The competition aspect of Pogs was fierce. There was something primal and brutal in the act of slamming down a heavy piece of circular plastic into a stack of someone else’s Pogs and watching them scatter in an explosion of cardboard splendor. The circles flipping between the usually white backsides of the Pogs and the vibrant, sometimes sparkling colors of the printed cartoons was mesmerizing if the person slamming was a pro.

The best slammers had their technique down — usually it was in either the horizontal position (like holding a fly-swatter) or in the vertical position (like throwing a flat baseball). The serious Pogs players could flip a whole stack of around 20 with one throw. Normally, the stack was divided half and half between the players, so if someone flipped a whole pile, that player got to add 10 Pogs to her or his collection. This game was gambling with a dash of skill that was likely the feeble beginnings of many craps and blackjack enthusiasts.

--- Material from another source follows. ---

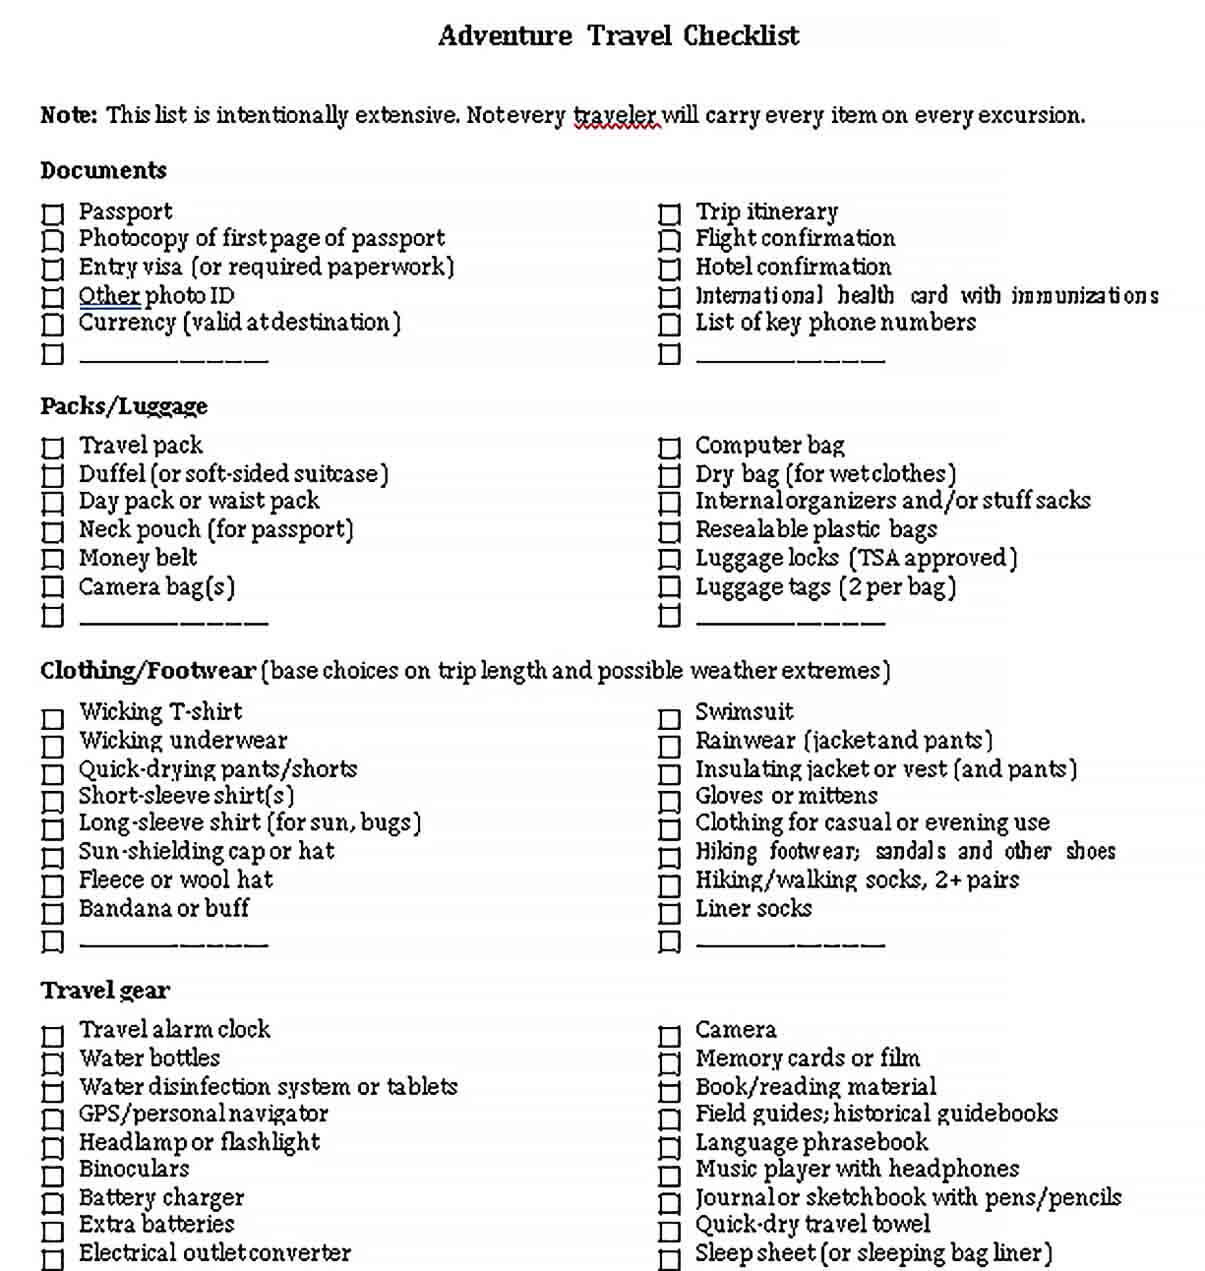 Sample Adventure Travel Checklist

Pogman, the official character of Pogs, was a hairy blob of a caveman, reminiscent of Cousin It from the “Adam’s Family,” only with a protruding purple nose and a Hawaiian vibe. The Pogman Pogs were highly valued, along with the Pogs competitor Silly Slammers, which made caps such as Fireflies — badass renditions of flies dressed as firefighters. There were shiny Pogs and spiky Pogs that spiced up the flips a bit, but nothing truly sent an enthusiast’s heart pumping like a well-thrown slammer and the look of utter melancholy on the opponent’s face. The game of Pogs created heroes among schoolchildren and victims among collectors.